Material for this exercise>
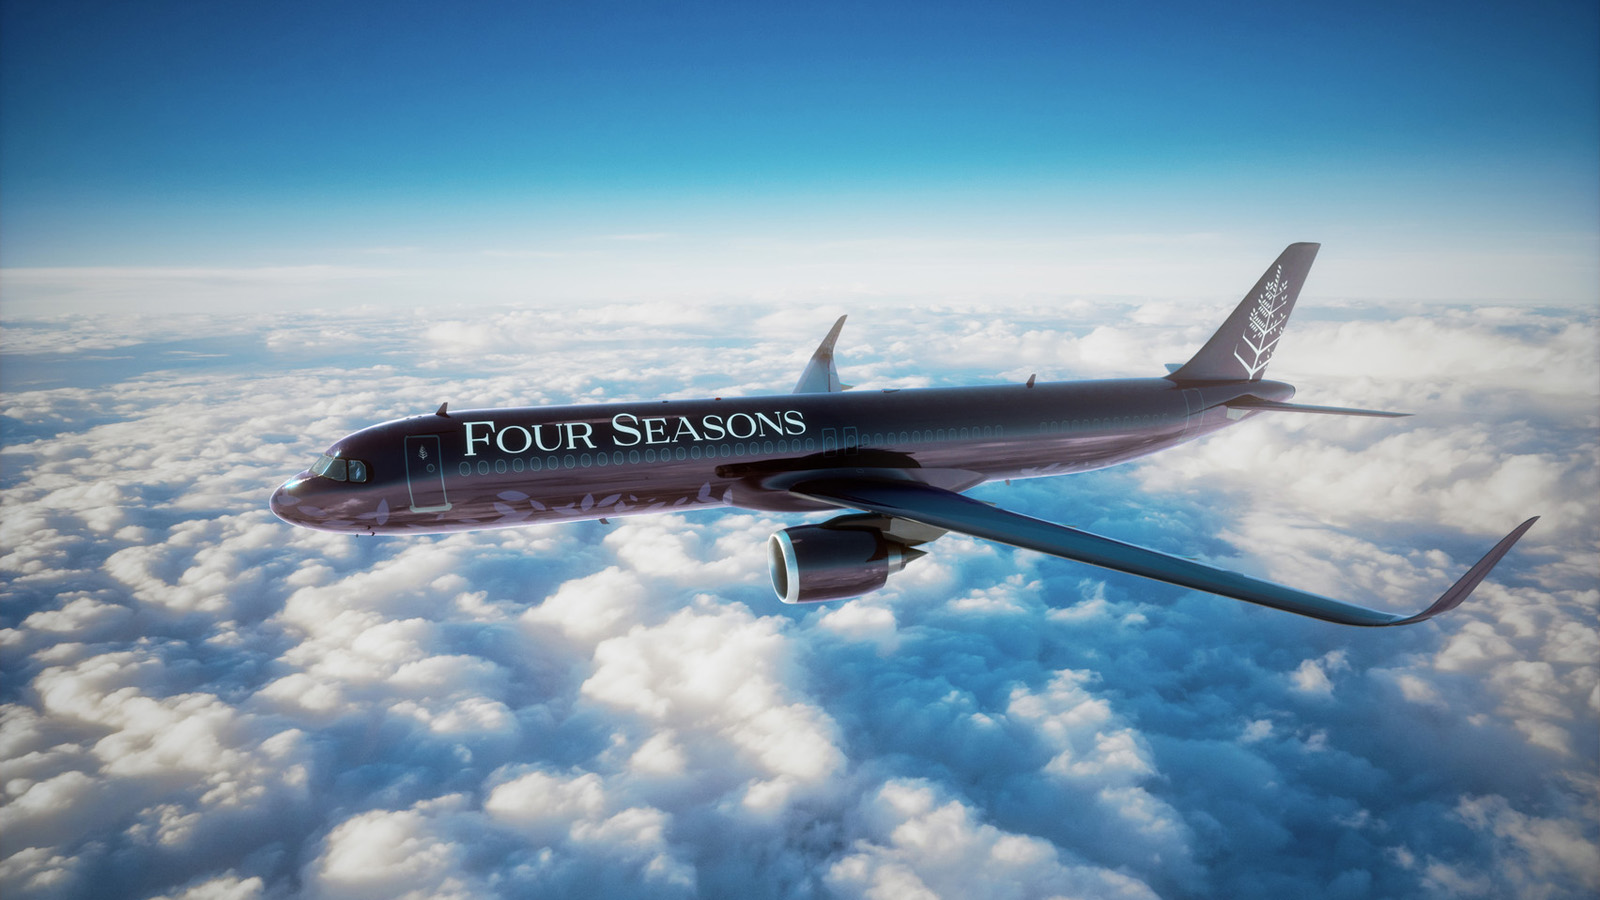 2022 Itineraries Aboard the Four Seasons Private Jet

* * *

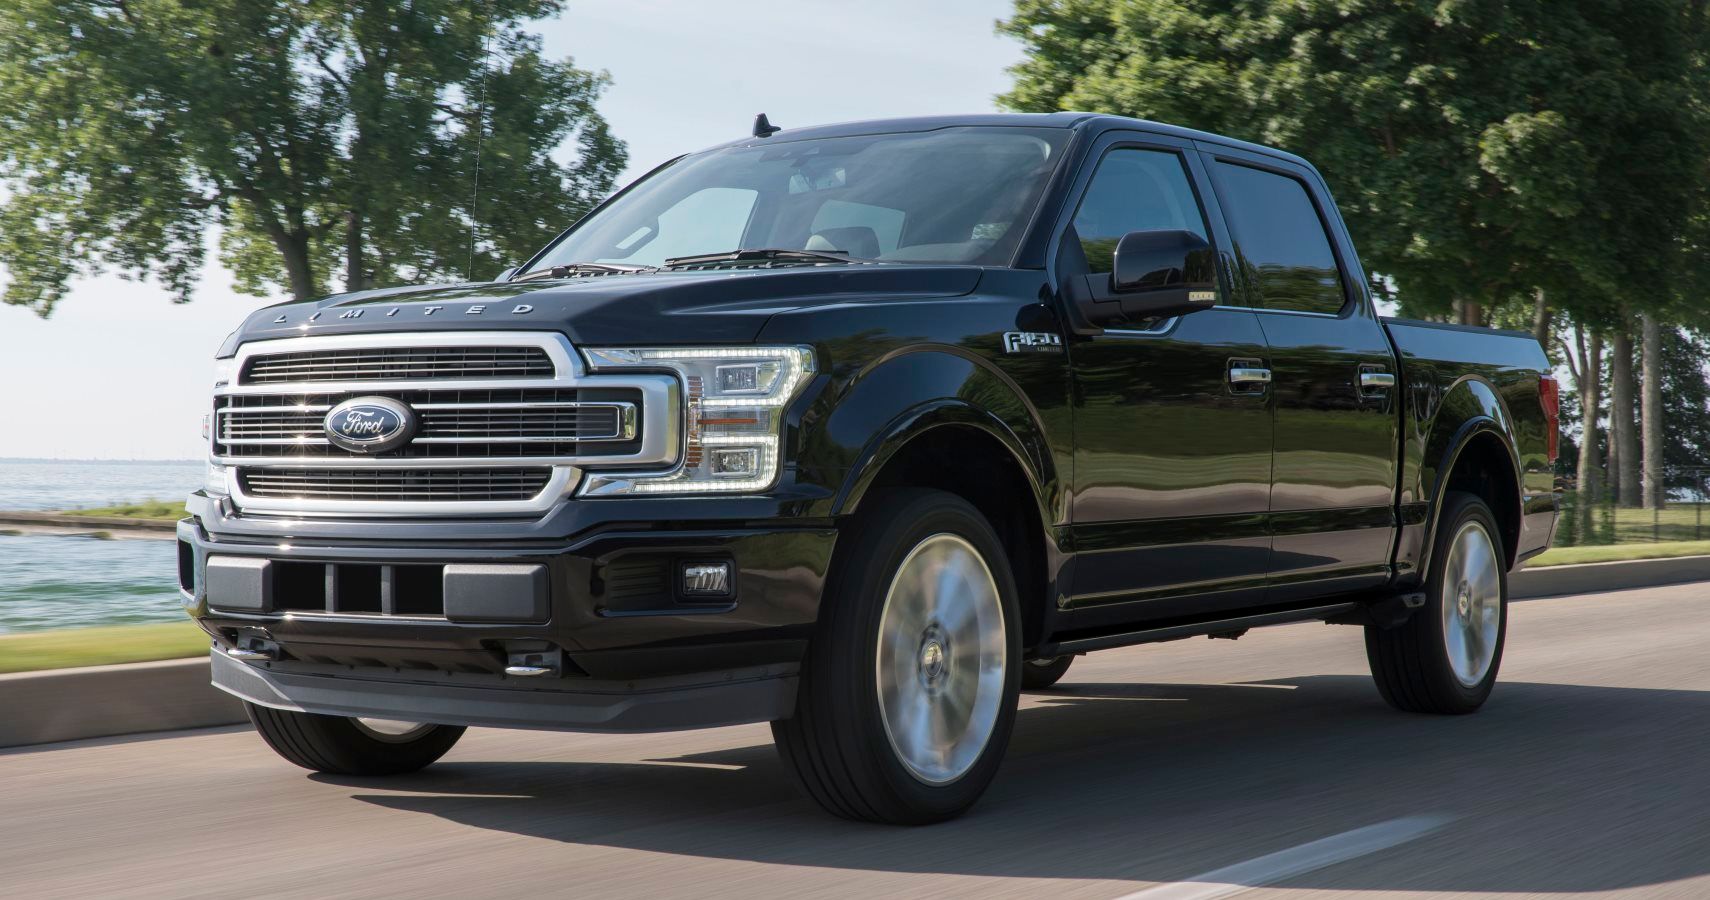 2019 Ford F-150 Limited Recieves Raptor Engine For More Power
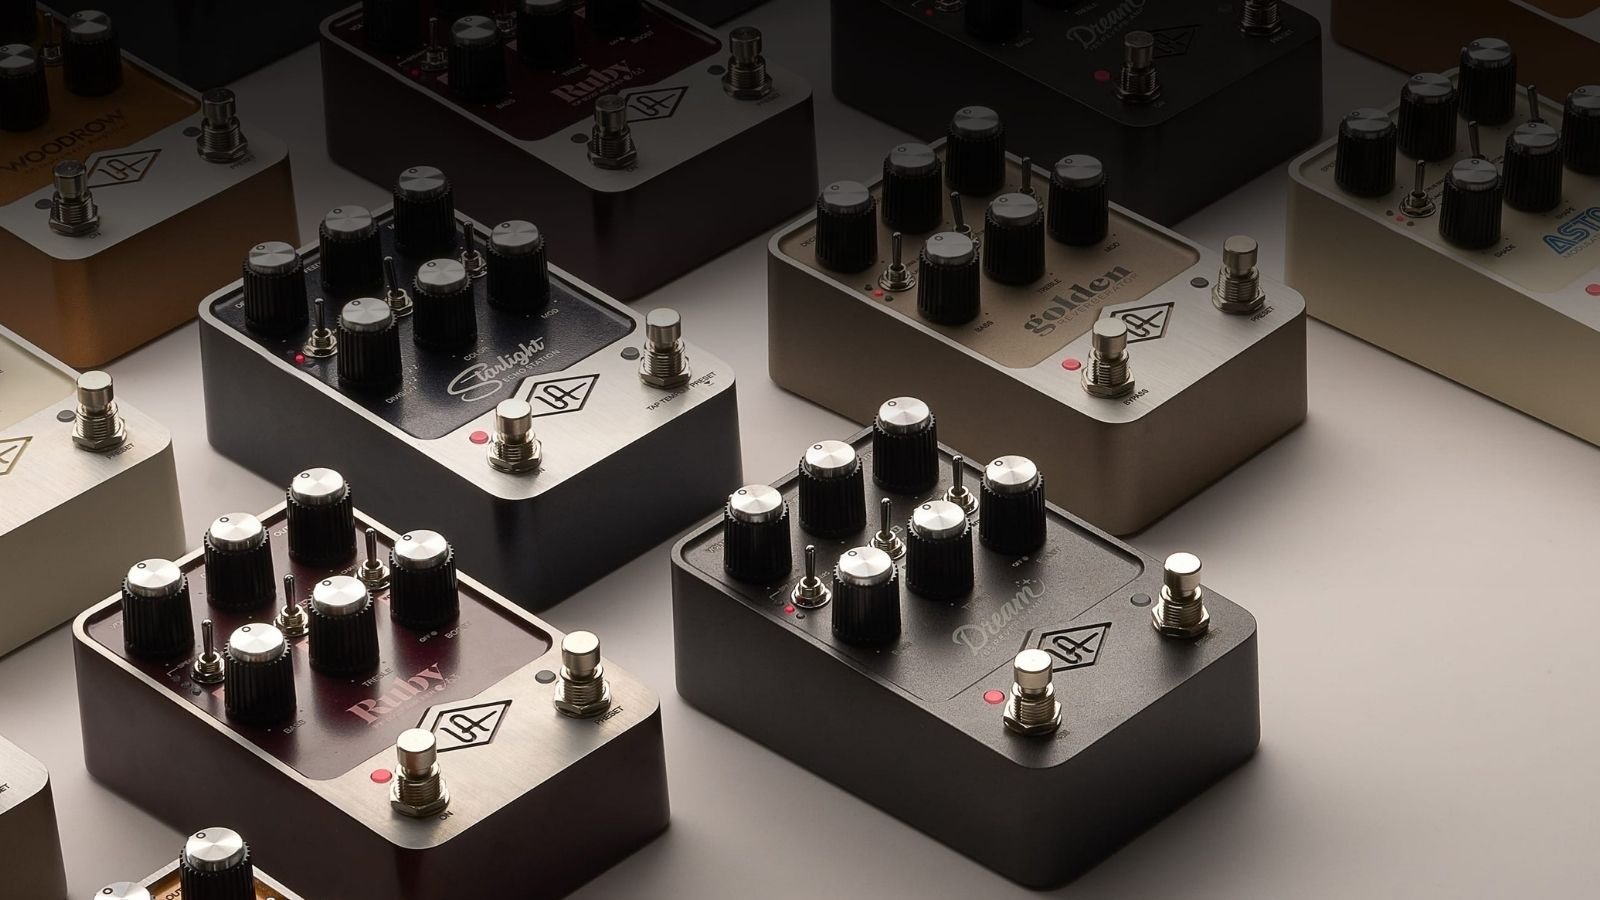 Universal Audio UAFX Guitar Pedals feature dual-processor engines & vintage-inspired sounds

What the exercise asks> Among the entries above, find the line with "2019 Ford F-150" and repeat exactly from there through the line with "Universal Audio UAFX", leaving out the pictures.

Output for this exercise>
 2019 Ford F-150 Limited Recieves Raptor Engine For More Power
 Universal Audio UAFX Guitar Pedals feature dual-processor engines & vintage-inspired sounds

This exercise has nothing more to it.